With the adoption of the CECL standard, nonperforming loans as of September 30, 2020 include PCD loans. Amounts as of December 31, 2019 excluded purchased impaired loans as we were accreting interest income over the expected life of the loans. See Note 1 Accounting Policies for additional information related to the adoption of this standard and our nonperforming loan and lease policies.
The following table presents our nonperforming assets as of September 30, 2020 and December 31, 2019, respectively.
Table 45: Nonperforming Assets
Dollars in millions September 30
2020

 December 31
2019

 
Nonperforming loans     
Commercial $915
 $501
 
Consumer (a) 1,170
 1,134
 
Total nonperforming loans (b) 2,085
 1,635
 
OREO and foreclosed assets 67
 117
 
Total nonperforming assets $2,152
 $1,752
 
Nonperforming loans to total loans .84% .68% 
Nonperforming assets to total loans, OREO and foreclosed assets .86% .73% 
Nonperforming assets to total assets .47% .43% 
(a)Excludes most unsecured consumer loans and lines of credit, which are charged off after 120 to 180 days past due and are not placed on nonperforming status.
(b)Nonperforming loans for which there is no related ALLL totaled $.6 billion at September 30, 2020, and is primarily comprised of loans with a valuation that exceeds the amortized cost basis.
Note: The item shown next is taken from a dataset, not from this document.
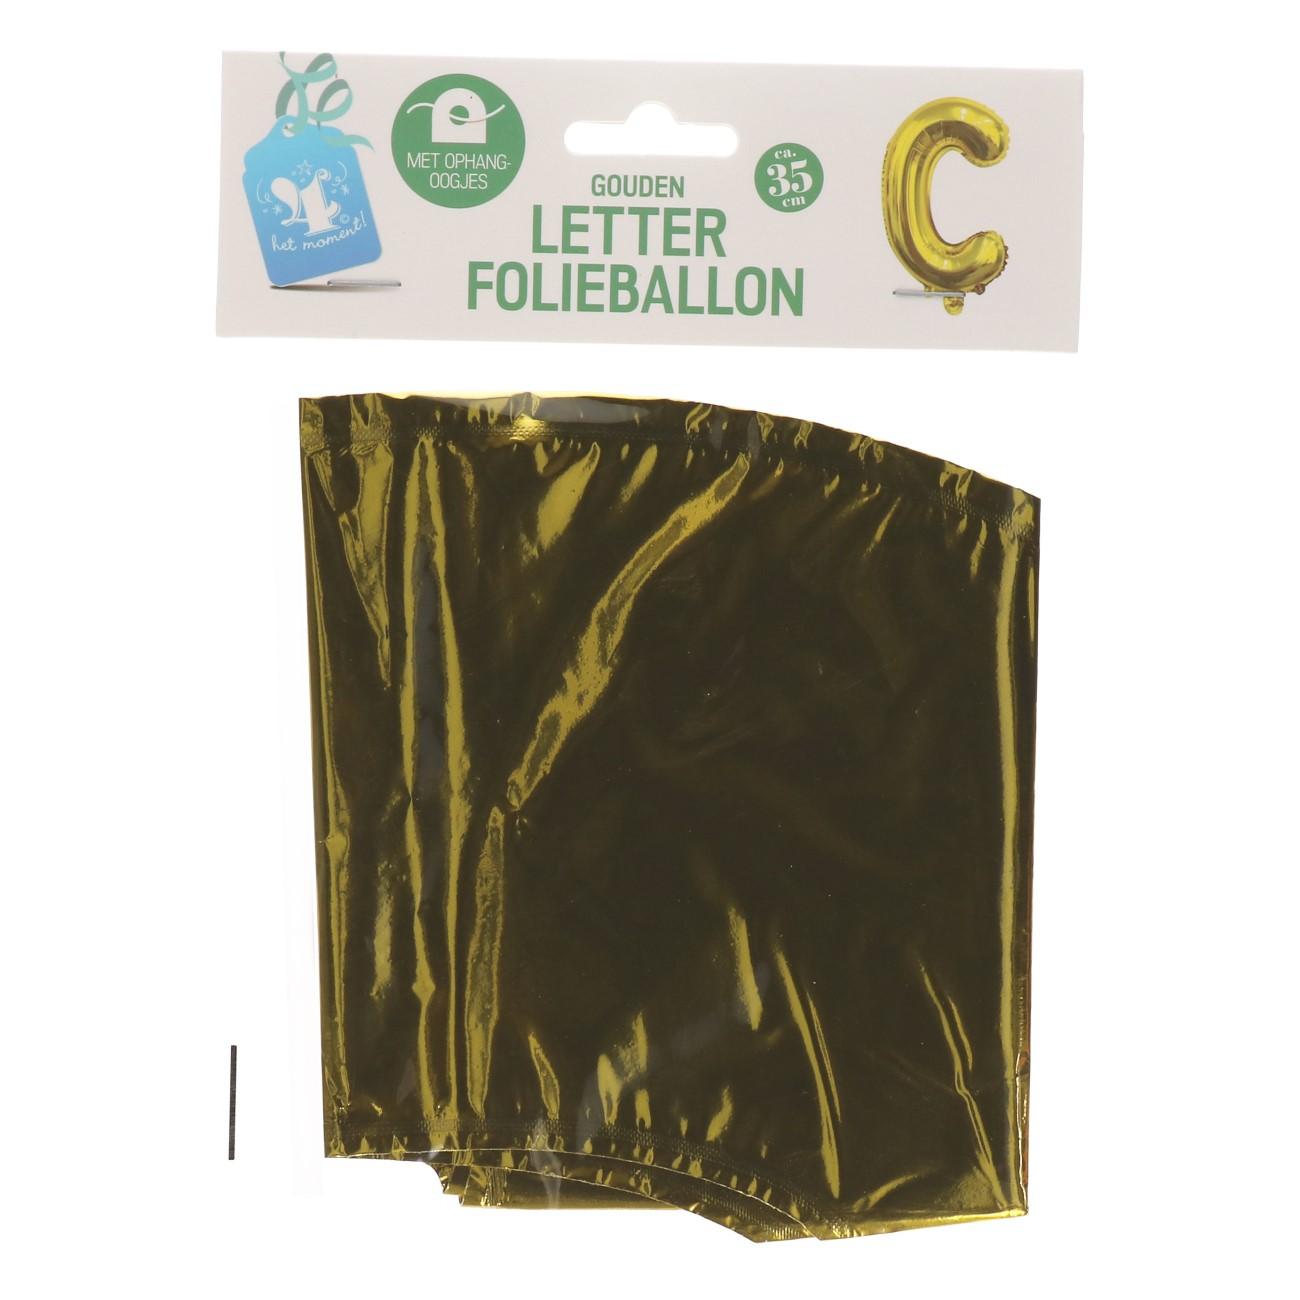 Folieballon letter goud C

Nonperforming loans also include certain loans whose terms have been restructured in a manner that grants a concession to a borrower experiencing financial difficulties. In accordance with applicable accounting guidance, these loans are considered TDRs. See Note 1 Accounting Policies and the TDR section of this Note 4 for additional information on TDRs.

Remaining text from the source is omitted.